Hemochromatosis, the inherited disorder of iron metabolism, leads, if untreated, to progressive iron overload and premature death. The hemochromatosis gene, HFE, recently has been identified, and characterization of this gene has shown that it contains two mutations that result in amino acid substitutions-cDNA nucleotides 845 G-->A (C282Y) and 187 C-->G (H63D). Although hemochromatosis is common in Caucasians, affecting >=1/300 individuals of northern European origin, it has not been recognized in other populations. The present study used PCR and restriction-enzyme digestion to analyze the frequency of the 845 G-->A and 187 C-->G mutations in HLA-typed samples from non-Caucasian populations, comprising Australian Aboriginal, Chinese, and Pacific Islanders. Results showed that the 845 G-->A mutation was present in these populations (allele frequency 0.32%), and, furthermore, it was always seen in conjunction with HLA haplotypes common in Caucasians, suggesting that 845 G-->A may have been introduced into these populations by Caucasian admixture. 187 C-->G was present at an allele frequency of 2.68% in the two populations analyzed (Australian Aboriginal and Chinese). In the Australian Aboriginal samples, 187 C-->G was found to be associated with HLA haplotypes common in Caucasians, suggesting that it was introduced by recent admixture. In the Chinese samples analyzed, 187 C-->G was present in association with a wide variety of HLA haplotypes, showing this mutation to be widespread and likely to predate the more genetically restricted 845 G-->A mutation.
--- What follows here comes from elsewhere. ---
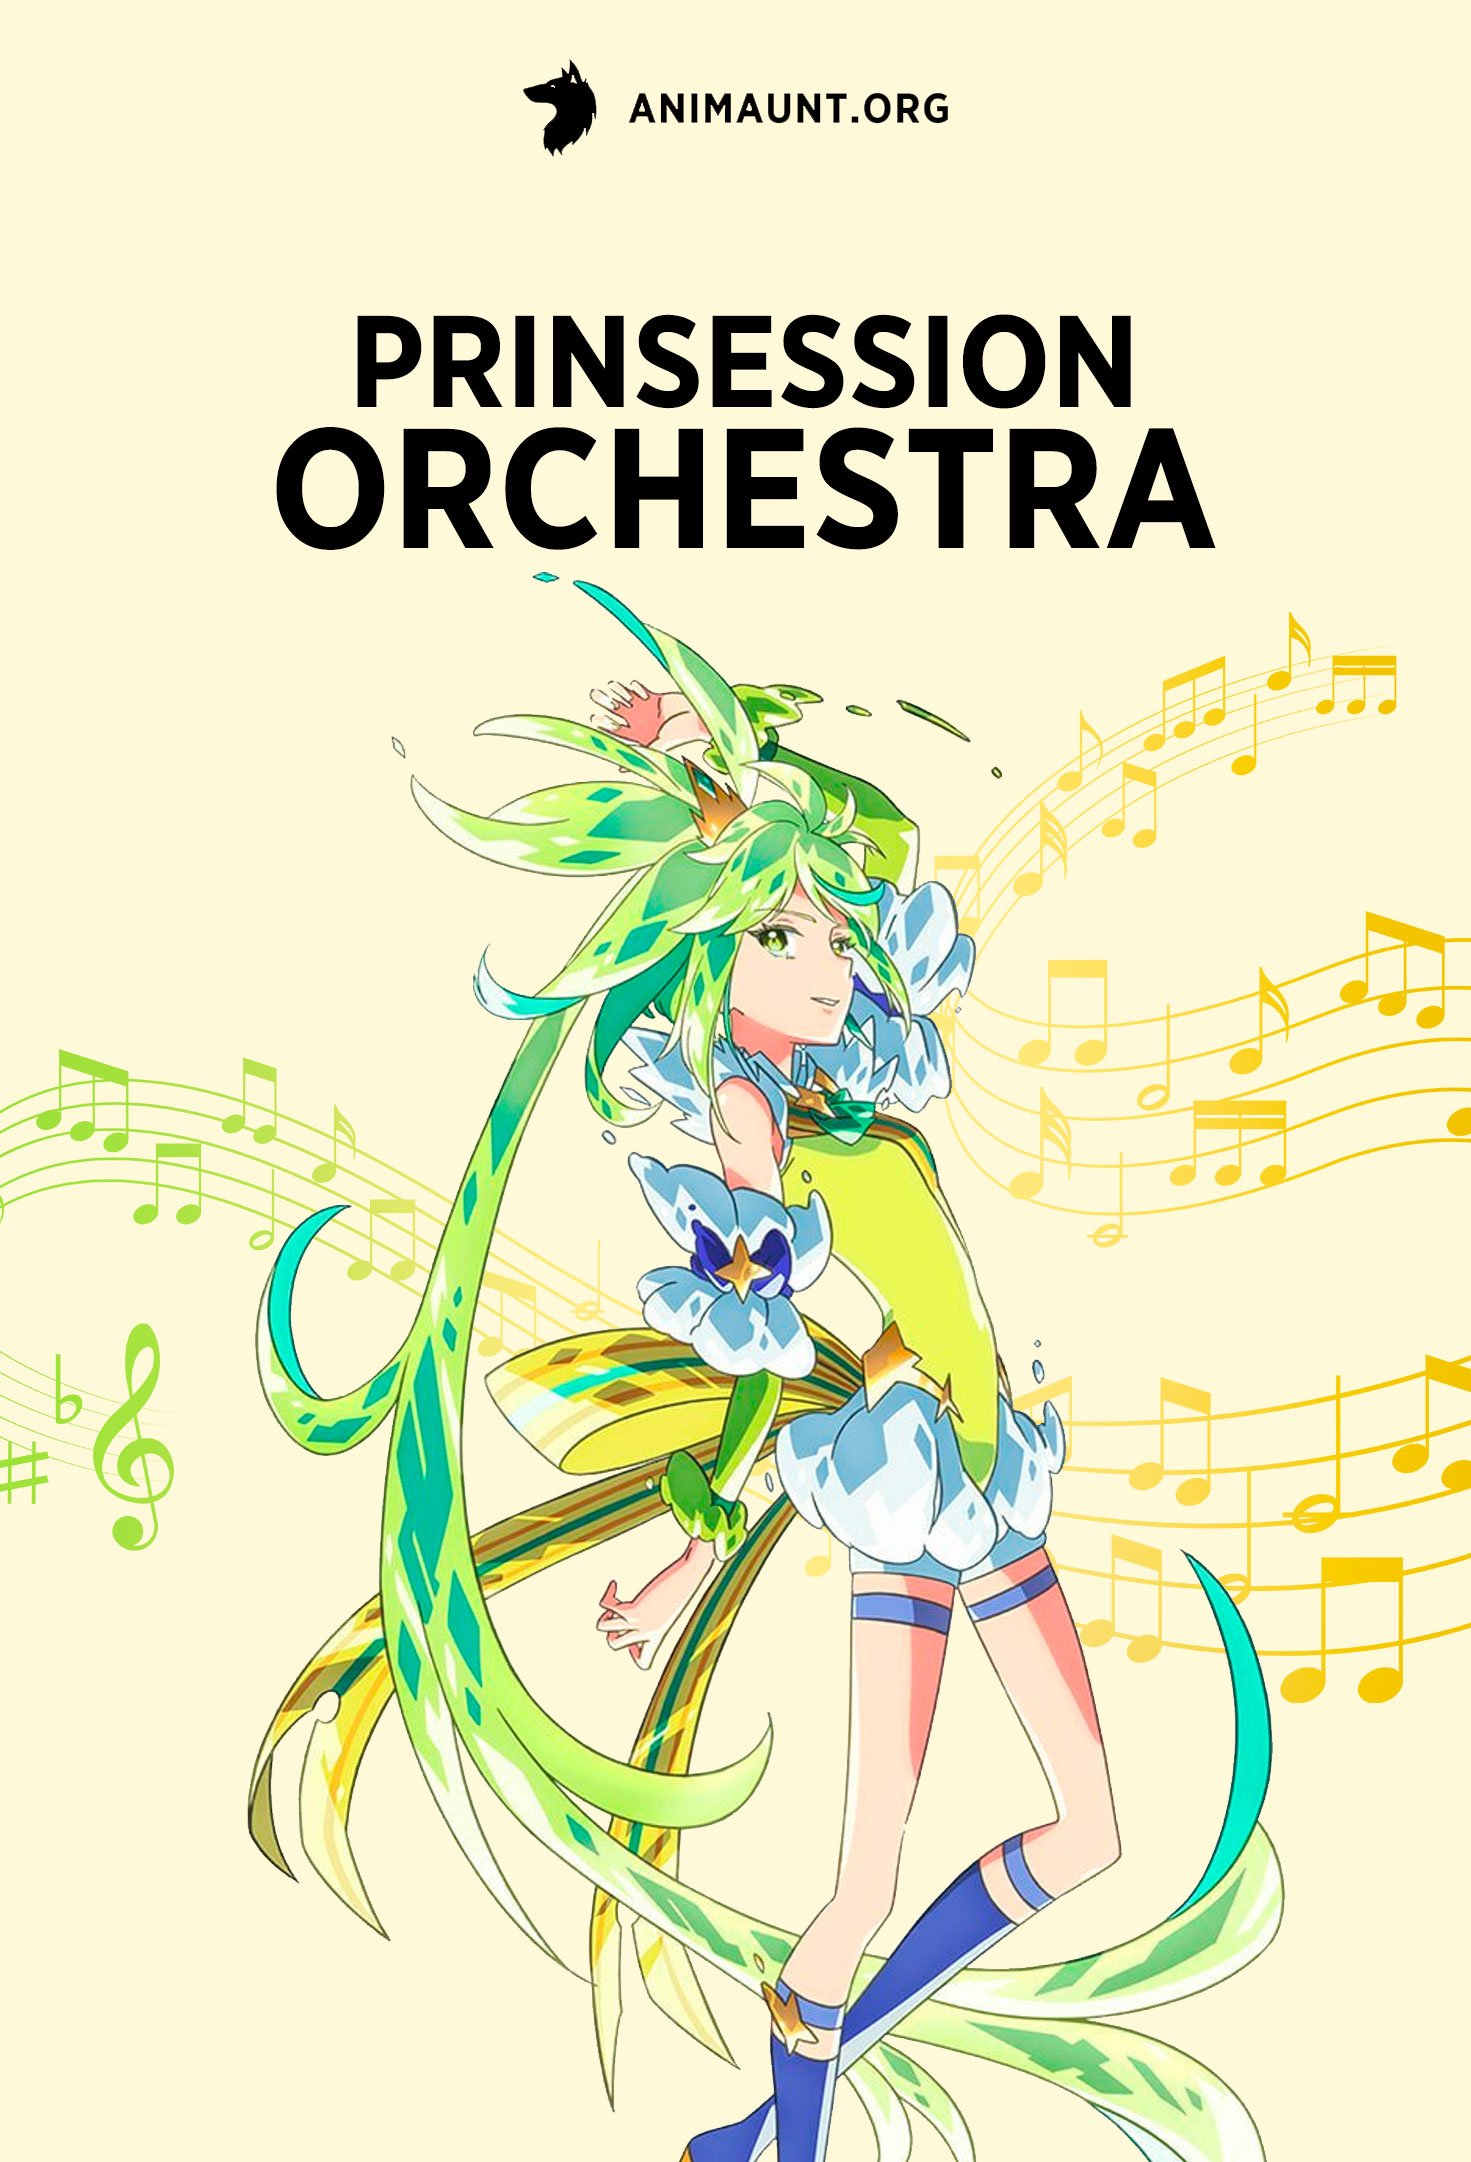 Prinsession Orchestra

The spinal muscular atrophy gene region at 5q13.1 has a paralogous chromosomal region at 6p21.3

Paralogous regions are duplicated segments of chromosomal DNA that have been acquired during the evolution of the genome. Subsequent divergent evolution of the genes within paralogous regions can lead to the formation of gene families. Here, we report the identification of a region on Chromosome (Chr) 6 at 6p21.3 that is paralogous with the Spinal Muscular Atrophy (SMA) gene region on Chr 5 at 5q13.1. Partial characterization of this region identified nine sequences all of which are highly homologous to DNA sequences of the SMA gene region at 5ql3.1. These sequences include four β-glucuronidase sequences, two retrotransposon sequences, a novel cDNA, a Sequence Tagged Site (STS), and one that is homologous to exon 9 of the Neuronal Apoptosis Inhibitor Protein (NAIP) gene. The 6p21.3 paralogous SMA region may contain genes that are related to those in the SMA region at 5q13.1; however, a direct association of this region with SMA is unlikely given that no linkage of SMA with Chr 6 has been reported.

Isolation and Characterisation of Cosmids to Intervals Within a 4.5Mb Region at 6p21.3

The gene responsible for hereditary haemochromatosis (HH) has recently been identified. One mutation in this gene, termed HFE, has been found in all Australian HH patients. We previously identified a predominant HH ancestral haplotype covering 4.5Mb at 6p21.3, and showed that patients with two copies of this haplotype express a more severe form of the disorder. One key question to now be resolved is why haplotype related variation in phenotypic expression of HH is present if all patients tested have the same HFE mutation. A cosmid resource covering the 4.5Mb HH ancestral haplo type region was obtained. These cosmids provide the material for the completion of a transcript map of this region, and will assist the identification of candidate modifiers of HFE expression.